= Lie–Palais theorem =

Lifts an action of a finite-dimensional Lie algebra on a manifold to a Lie group action

In differential geometry, a field of mathematics, the Lie–Palais theorem is a partial converse to the fact that any smooth action of a Lie group induces an infinitesimal action of its Lie algebra. Palais (1957) proved it as a global form of an earlier local theorem due to Sophus Lie.

== Statement ==
Let $\mathfrak{g}$ be a finite-dimensional Lie algebra and $M$ a closed manifold, i.e. a compact smooth manifold without boundary. Then any infinitesimal action $a: \mathfrak{g} \to \mathfrak{X}(M)$ of $\mathfrak{g}$ on $M$ can be integrated to a smooth action of a finite-dimensional Lie group $G$, i.e. there is a smooth action $\Phi: G \times M \to M$ such that $a (\alpha) = d_e \Phi (\cdot,x) (\alpha)$ for every $\alpha \in \mathfrak{g}$.

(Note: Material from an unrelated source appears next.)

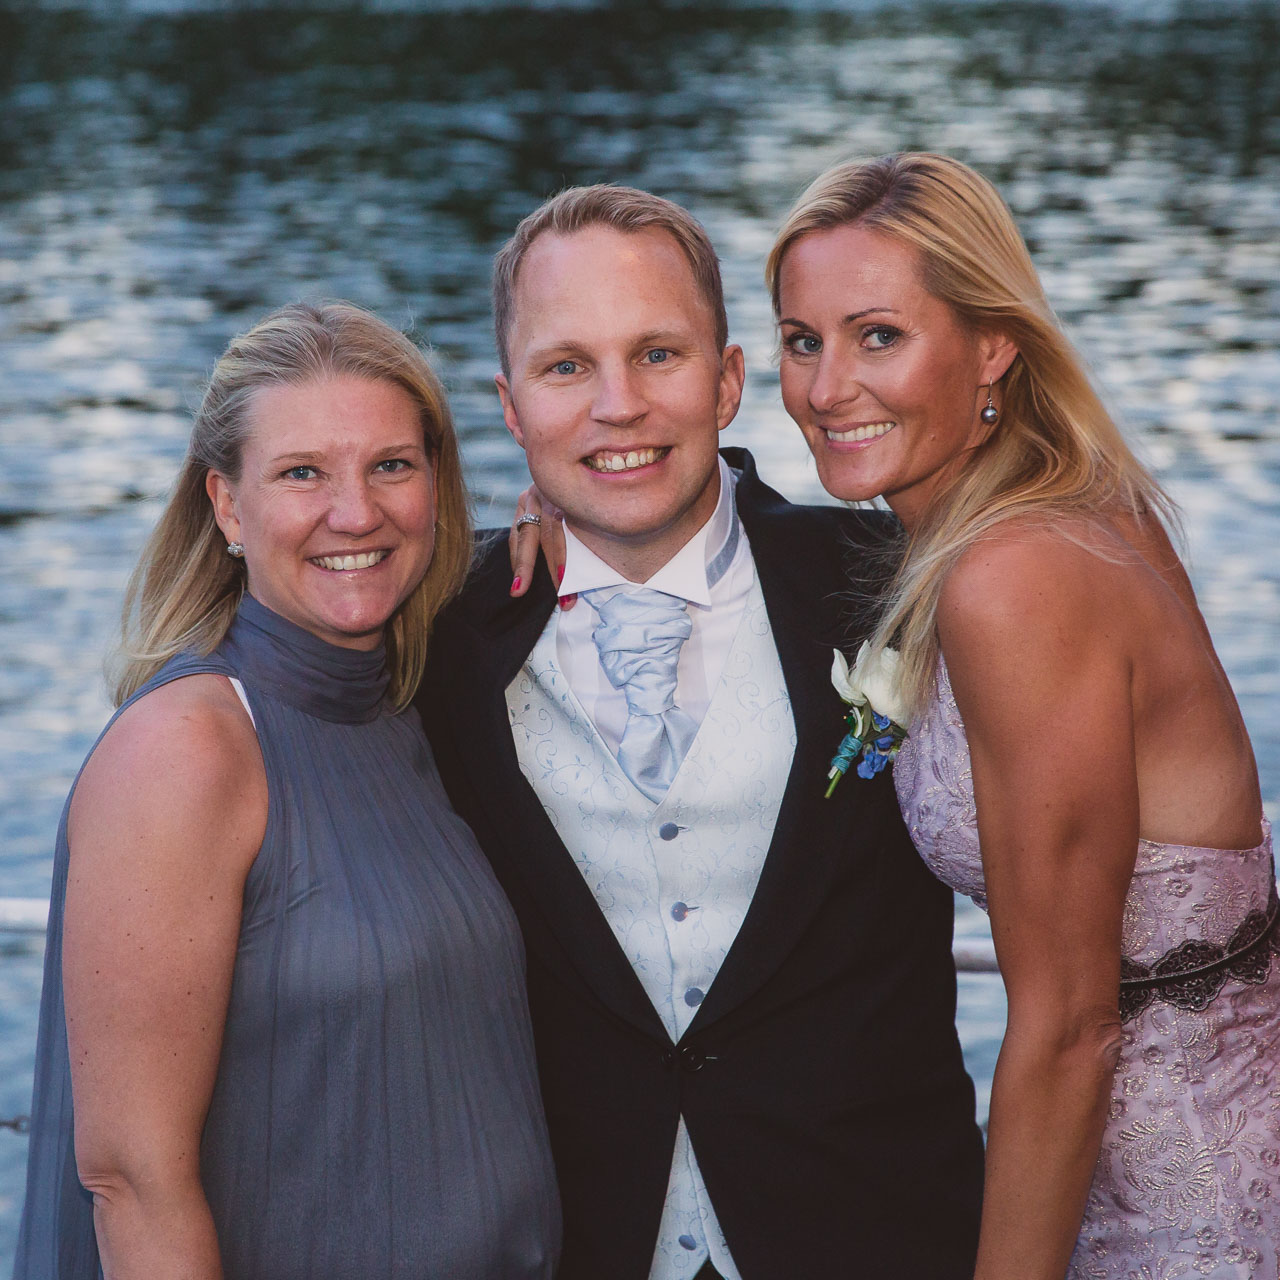 2a11ffe94f73 brollopsfotograf-stockholm-wedding-photographer-sweden-57 ...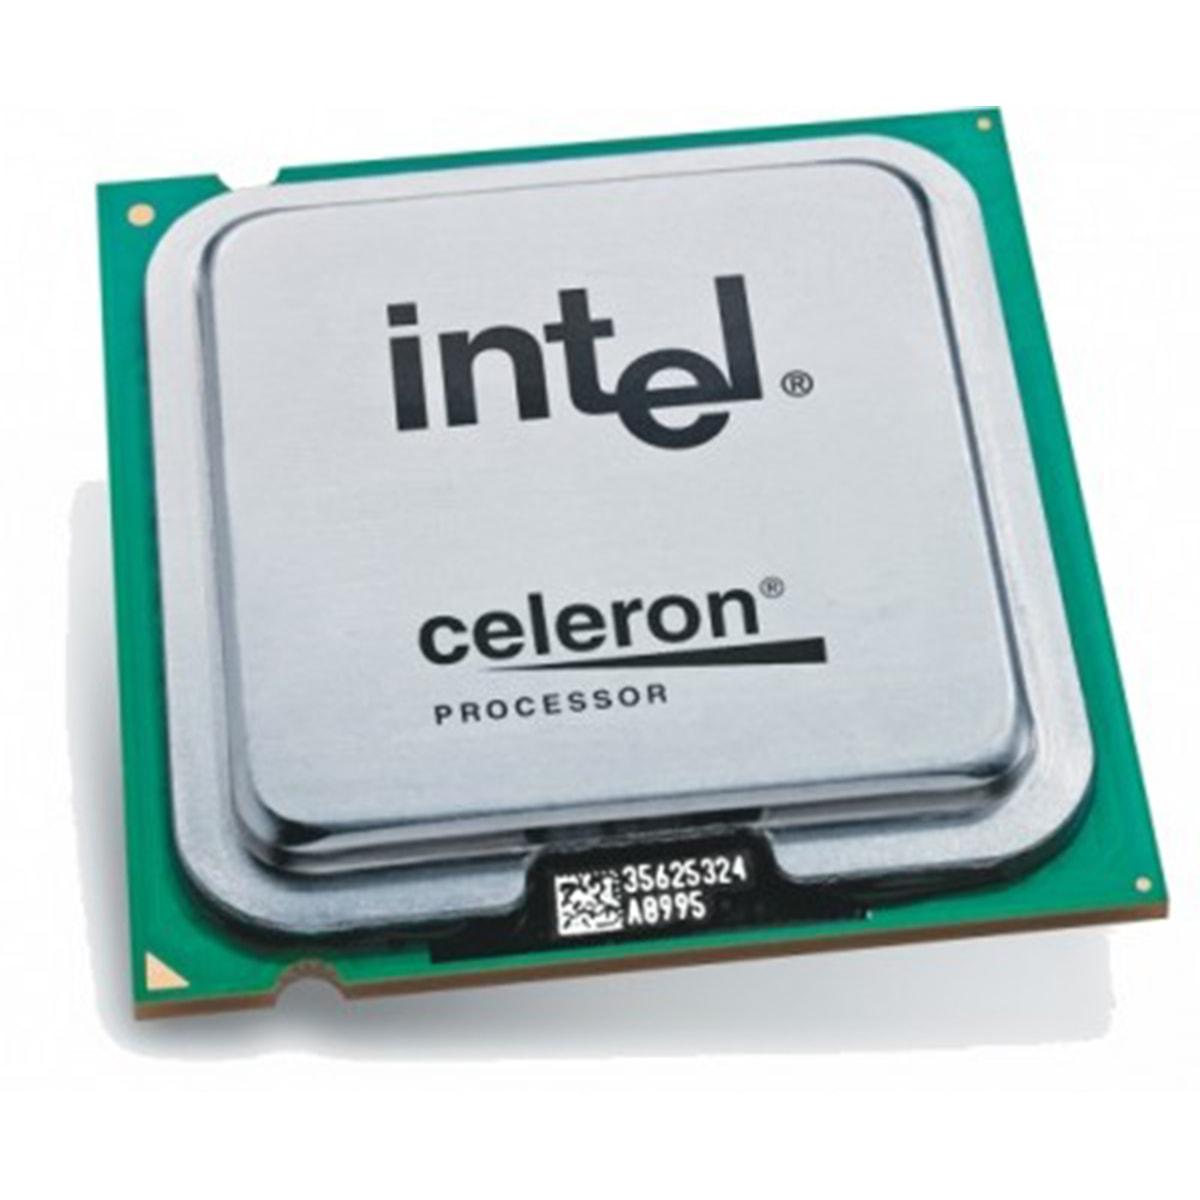 Processador Intel Celeron 420 1,60Ghz 512Kb Cache 800MHz - Socket 775 - Seminovo

If $M$ is a manifold with boundary, the statement holds true if the action $a$ preserves the boundary; in other words, the vector fields on the boundary must be tangent to the boundary.

== Counterexamples ==
The example of the vector field $d/dx$ on the open unit interval shows that the result is false for non-compact manifolds.

Similarly, without the assumption that the Lie algebra is finite-dimensional, the result can be false. Milnor (1984) gives the following example due to Omori: consider the Lie algebra $\mathfrak{g}$ of vector fields of the form $f(x,y) \partial/\partial x + g(x,y) \partial/\partial y$ acting on the torus $M = \mathbb{R}^2/\mathbb{Z}^2$ such that $g (x,y) = 0$ for $0 \leq x \leq 1/2$. This Lie algebra is not the Lie algebra of any group.

== Infinite-dimensional generalization ==
Pestov (1995) gives an infinite-dimensional generalization of the Lie–Palais theorem for Banach–Lie algebras with finite-dimensional center.